Intermediate
Every API call can fail. Networks drop packets, rate limits kick in, services restart, databases timeout. The naive fix is a bare time.sleep(5); retry() — but that retries on every error (including bugs that will never succeed), uses fixed delays (which hammer a struggling server), and has no limit on attempts. The result is a program that hangs forever or spams a broken endpoint. The tenacity library solves all of this with a decorator-based retry system that is both flexible and production-safe.
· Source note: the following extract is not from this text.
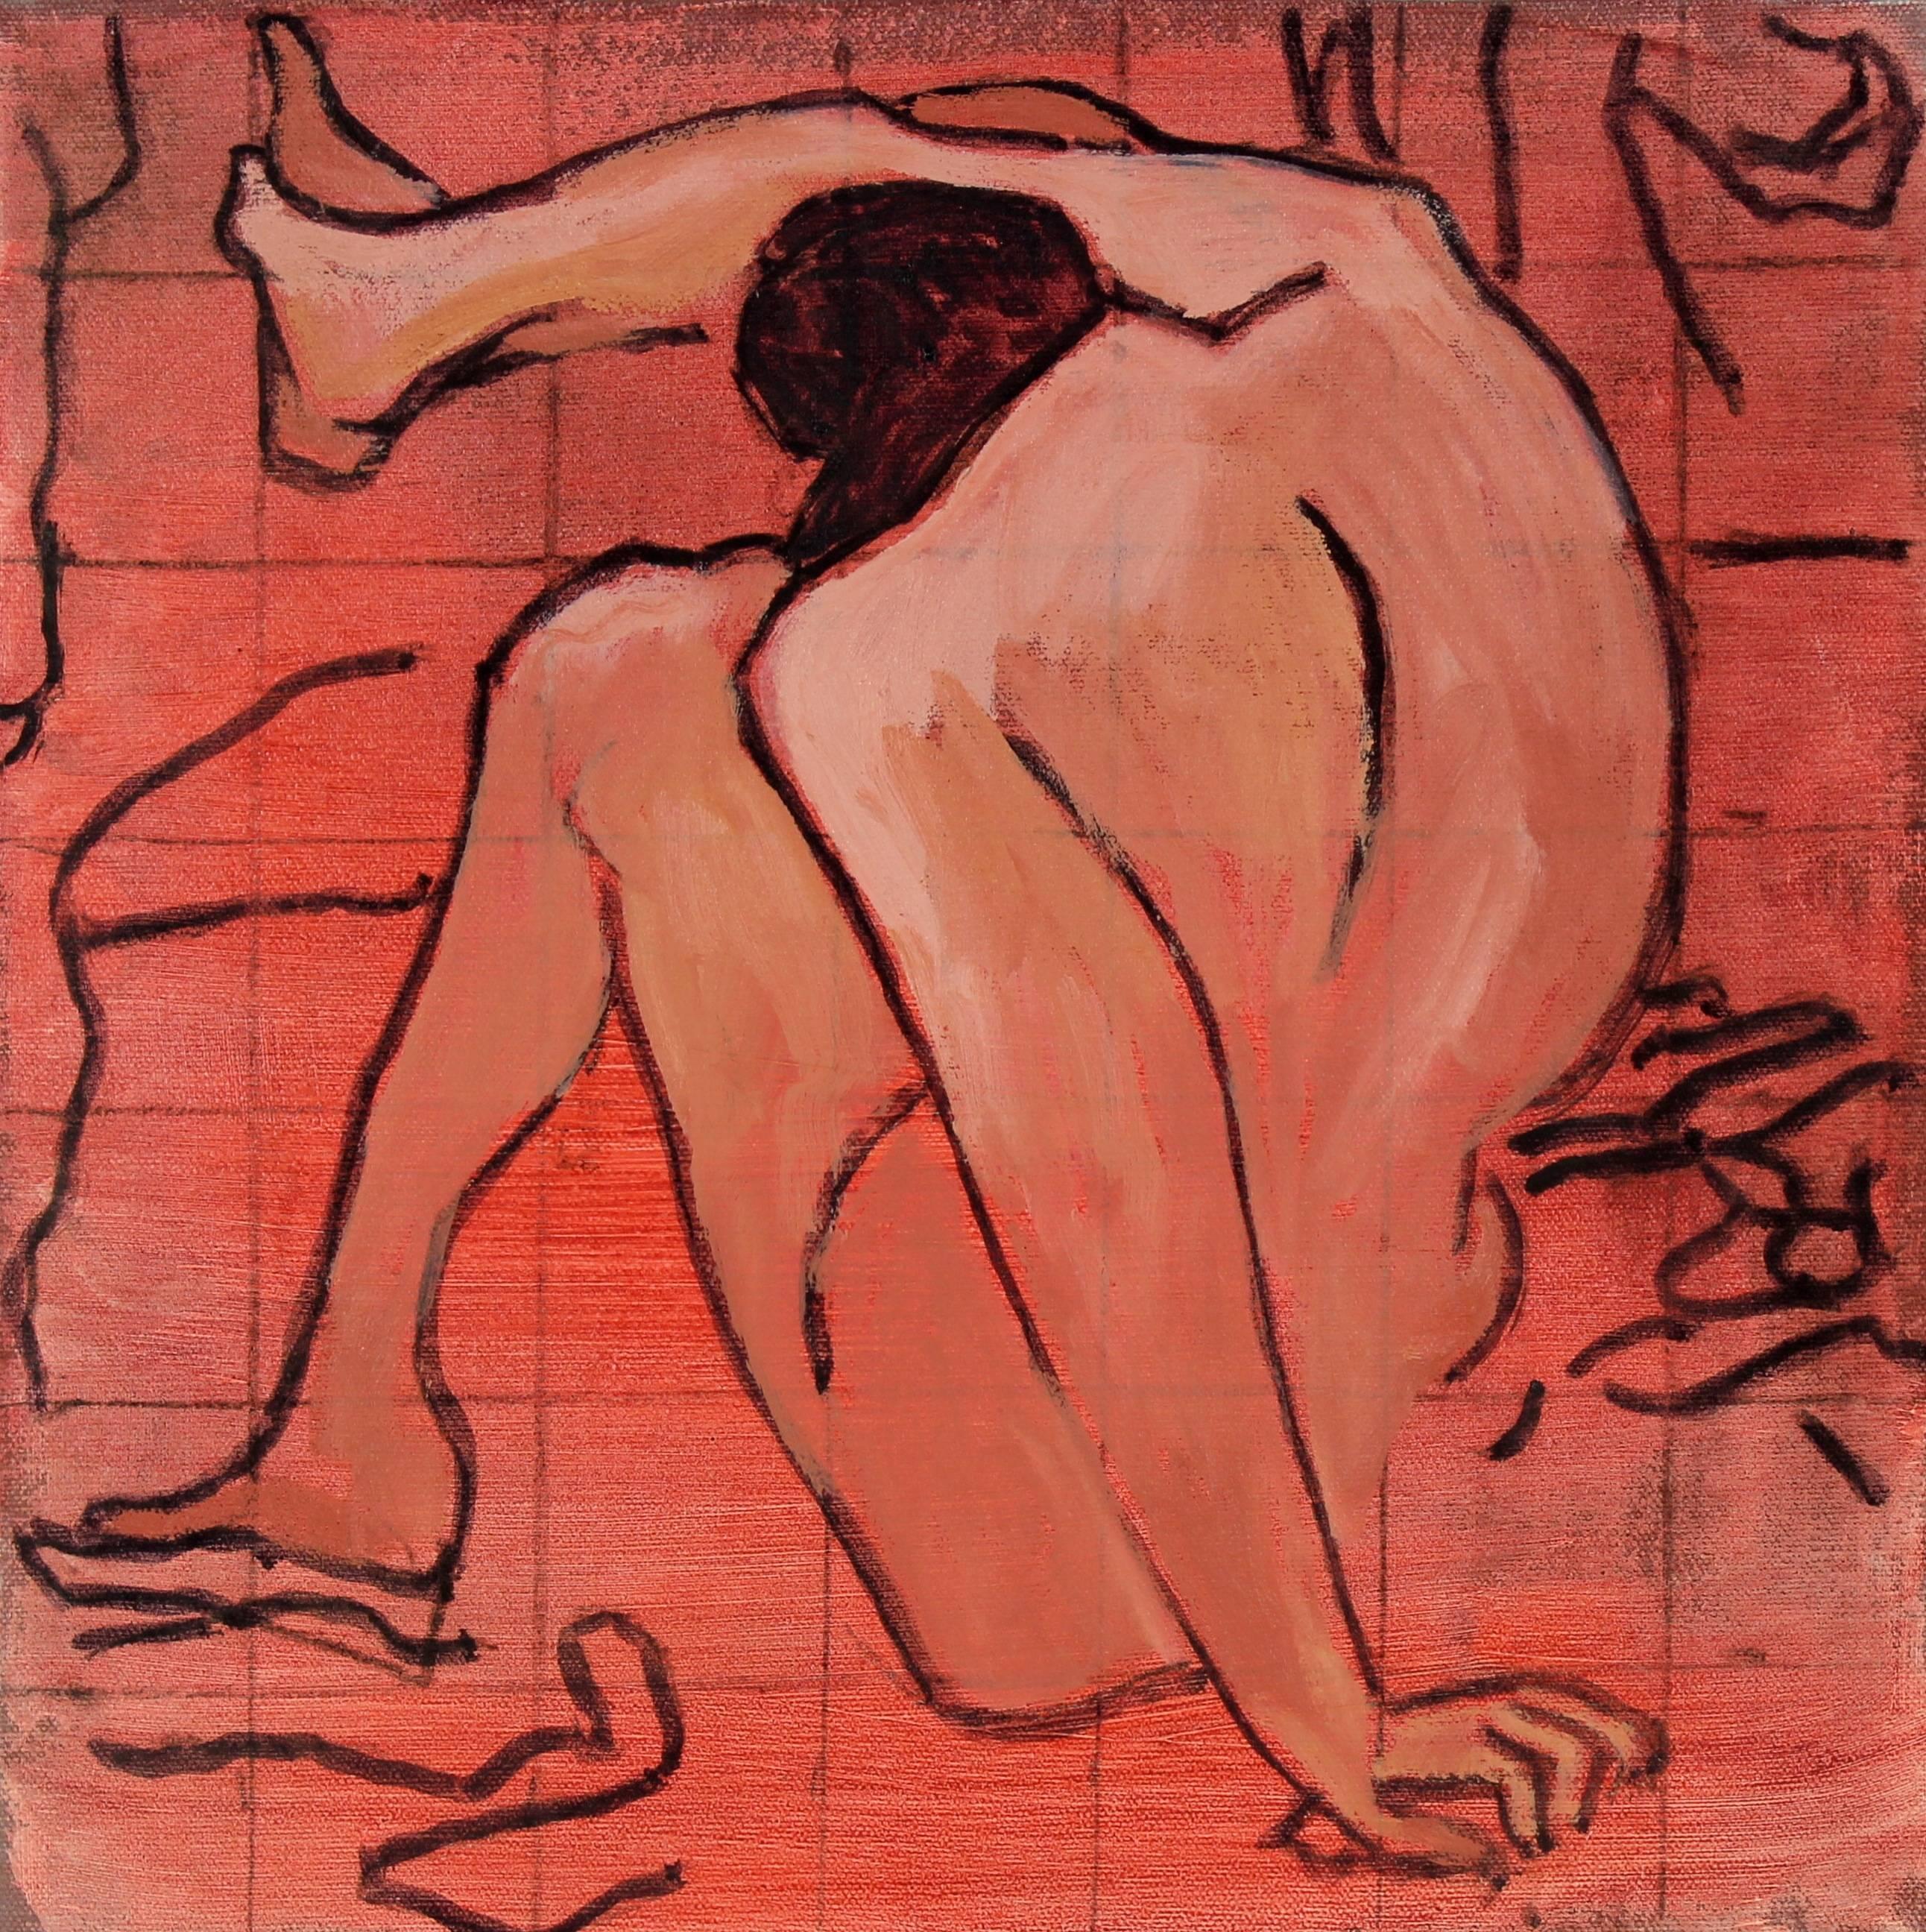 This late 20th century oil on canvas female figure with red and pink is by Oakland artist Rip Matteson (1920-2011). Matteson studied at U.C. Berkeley, California College of the Arts in San Francisco, Scuola di Belle Arte in Rome, the Parsons School
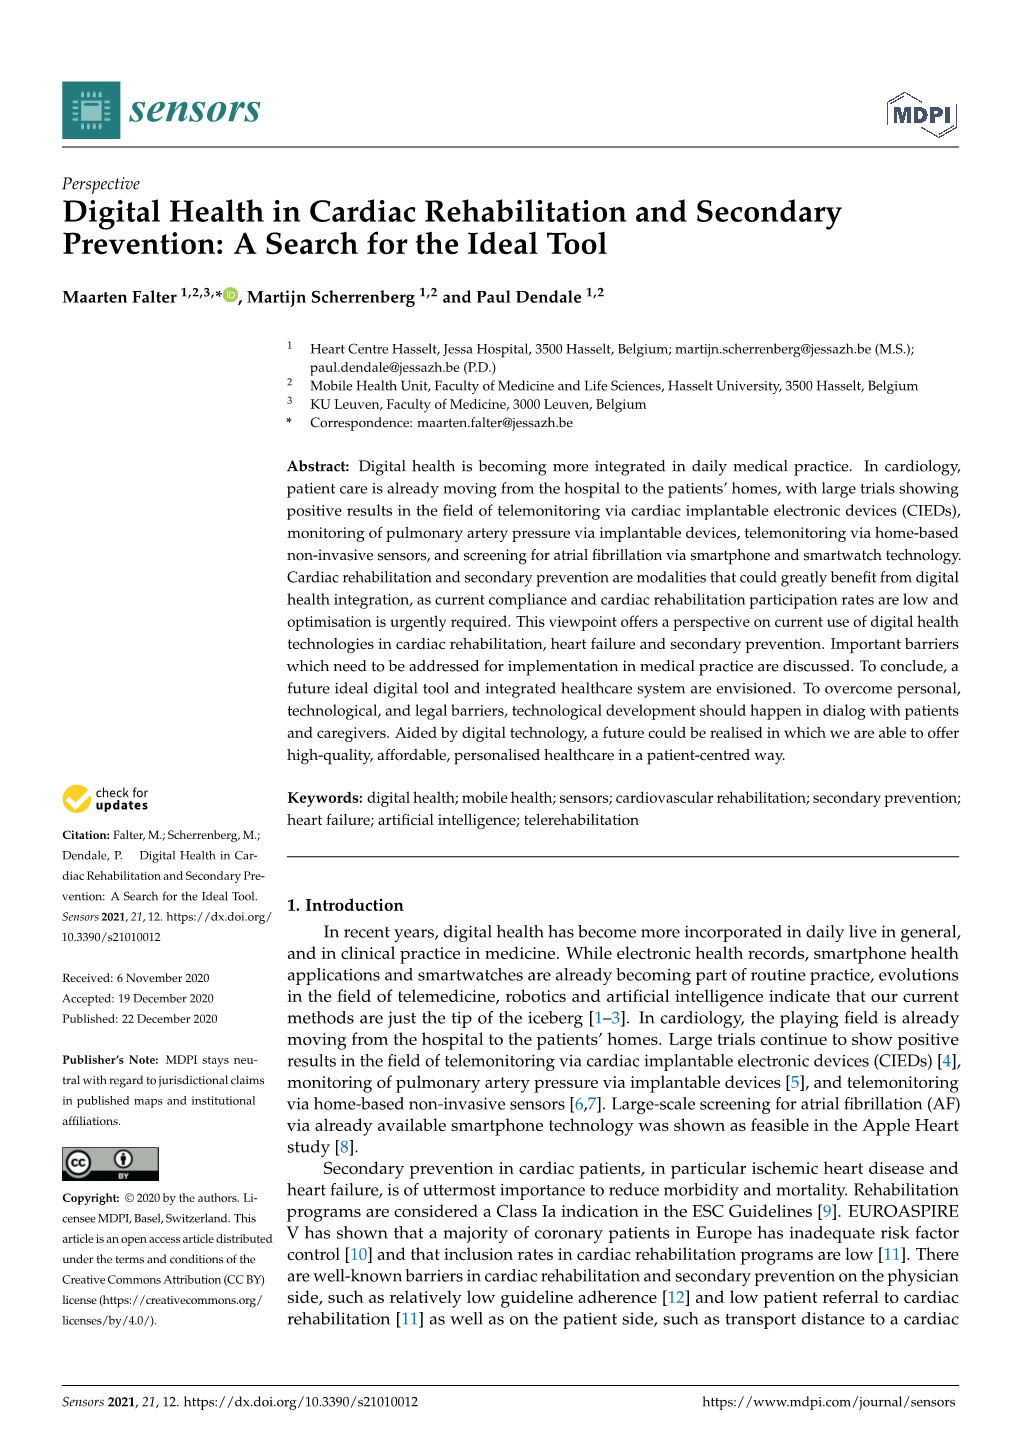 Digital Health in Cardiac Rehabilitation and Secondary Prevention: a Search for the Ideal Tool

Install tenacity with pip install tenacity. Its API is a single decorator, @retry, that wraps any function and controls retry behavior through composable strategy objects. You specify WHAT to retry (which exceptions or return values), HOW LONG to wait between attempts (fixed, exponential backoff, random jitter), and WHEN to stop (after N attempts, after N seconds, or a combination). Everything is declarative and testable.
In this article, you will learn to use the @retry decorator with stop conditions, wait strategies, retry predicates, and callbacks. You will see the difference between retrying on exceptions vs. return values, how to add jitter to prevent thundering herd problems, how to log retry attempts, and a real-life example that builds a resilient HTTP client for an unreliable API.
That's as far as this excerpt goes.